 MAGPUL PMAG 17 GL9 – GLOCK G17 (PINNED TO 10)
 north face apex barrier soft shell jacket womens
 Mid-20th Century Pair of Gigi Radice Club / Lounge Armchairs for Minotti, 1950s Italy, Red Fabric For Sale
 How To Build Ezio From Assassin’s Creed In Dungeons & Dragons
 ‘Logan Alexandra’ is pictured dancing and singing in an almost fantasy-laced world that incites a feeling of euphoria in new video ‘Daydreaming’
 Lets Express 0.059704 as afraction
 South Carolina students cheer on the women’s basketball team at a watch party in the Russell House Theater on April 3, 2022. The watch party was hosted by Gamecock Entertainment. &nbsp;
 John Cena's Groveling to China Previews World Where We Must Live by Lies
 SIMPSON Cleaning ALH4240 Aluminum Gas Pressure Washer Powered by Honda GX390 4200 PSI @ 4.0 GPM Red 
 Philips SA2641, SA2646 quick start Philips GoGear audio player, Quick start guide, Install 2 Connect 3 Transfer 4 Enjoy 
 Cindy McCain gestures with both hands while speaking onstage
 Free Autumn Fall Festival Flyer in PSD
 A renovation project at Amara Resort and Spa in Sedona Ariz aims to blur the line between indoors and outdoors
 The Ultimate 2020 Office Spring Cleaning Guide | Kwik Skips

Exercise description:
In the data above, find the line with "How To Build" and the line with "SIMPSON Cleaning ALH4240". Retype both, plus every line between them, exactly.

Result of the exercise:
 How To Build Ezio From Assassin’s Creed In Dungeons & Dragons
 ‘Logan Alexandra’ is pictured dancing and singing in an almost fantasy-laced world that incites a feeling of euphoria in new video ‘Daydreaming’
 Lets Express 0.059704 as afraction
 South Carolina students cheer on the women’s basketball team at a watch party in the Russell House Theater on April 3, 2022. The watch party was hosted by Gamecock Entertainment. &nbsp;
 John Cena's Groveling to China Previews World Where We Must Live by Lies
 SIMPSON Cleaning ALH4240 Aluminum Gas Pressure Washer Powered by Honda GX390 4200 PSI @ 4.0 GPM Red 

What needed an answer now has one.